国外に逃れられて衣食住が保証された職につけるのだ、家族が押しかけてきそうな教会よりいい逃亡先だった。
エリゼーヌが教会に行くつもりだと聞いて、ドミニクはしめたと思った。貴族令嬢が下町を供もなしで教会を目指すなんてワケありとしか考えられない。
年端もいかない少女を言葉巧みに誘うなんて、したたかな商人には容易い事だった。
「伯爵様は嗜虐趣味のある方で、成人前後の女性をイタぶるのがお好きなようで、これまで三人の平民女性が貢がれてるけど、ロクな目に遭ってないわね。
あんたが見つからなければ、あたしが没落貴族の令嬢のフリして貢がされるとこだった」
「え・・・、どうして、そんな人にマリアンナは従ってるの?」
エリゼーヌは信じられない思いで呟いた。ドミニクの正体に衝撃を受けたが、それを受け入れているマリアンナが謎だ。
「・・・好きで従ってるんじゃないわよ!」
マリアンナは嫌悪感いっぱいの声をあげた。初めて感情ののった言葉だ。しかし、すぐに元の無愛想で無表情に戻ってしまう。
「あんたはまだ子供だから、育てる楽しみがあるとか悪趣味なこと言ってたらしいわ。すぐにどうこうされるワケじゃないんだから、隙をみれば逃げだせるかもしれない」
「・・・本当にドミニクさんがわたしを貢ぎ物にしようとしているの? ドミニクさんは髪ふっさふさが欲しいって」
「それは本当、あんたを領地に送り届けるのがウソ。上手にウソをつくには真実を混ぜ込んだ方が信憑性がますんだって。あんた、見事にダマされたのよ」
「そんな・・・」
呆然と呟く少女にマリアンナは温度のない視線を向けた。
「タダで親切にしてくれるとか有り得ない、必ず見返りを求められる。貴族でも平民でも同じよ、あんた、お気楽すぎるわ。
助けてほしかったら、何か対価を用意するのね。まあ、伯爵本人はムリでも、周りには対価次第でってやつもいるかもしれない。こればかりはあんたの運次第ね」
マリアンナはポケットからガーネットのペンダントを取りだして、エリゼーヌの目の前にシャラリとぶら下げた。

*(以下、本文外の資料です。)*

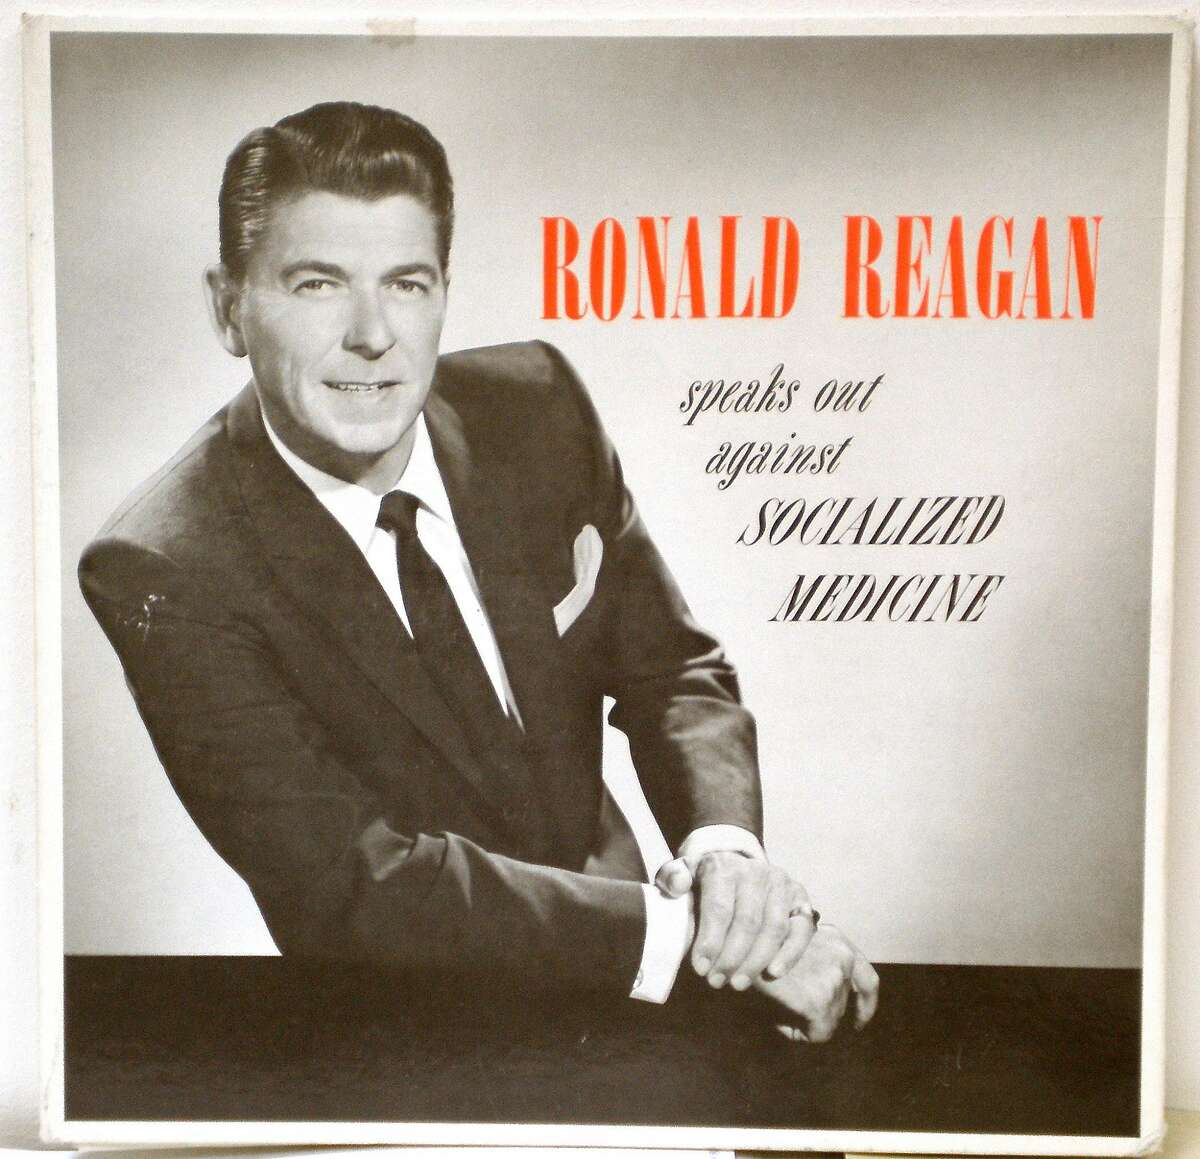 Ronald Reagan graced the cover of a recording he made for the American Medical Association in 1961 where he spoke out against the passage of Medicare.

エリゼーヌは顔色を変えて胸元を探ると、必死に重い手を伸ばした。
「返して! 大切なものなの」
「・・・お守りって言ってたしね。でも、あんたが持ってたって、どうせ取りあげられるだけよ。あたしが有効利用してあげる。この対価分は面倒みてあげるから、悪い取引じゃないでしょ」
「お願い、返して! それだけはダメなの」
明るい灰色の瞳が潤んで涙が盛りあがっていた。それが溢れる前にマリアンナは踵を返して部屋を後にした。
返して、と泣き声が背中に突き刺さる。
マリアンナの現況の原因だった少女がどうなろうと構わないと思っていたのに、意外と後味が悪かった。
マリアンナは自分大事な利己的な少女ですが、良心の咎めがあるので、悪人になりきれない。
人間って矛盾した生き物だと思うので、善悪どちらかにふっきれる事はそうそうない気がします。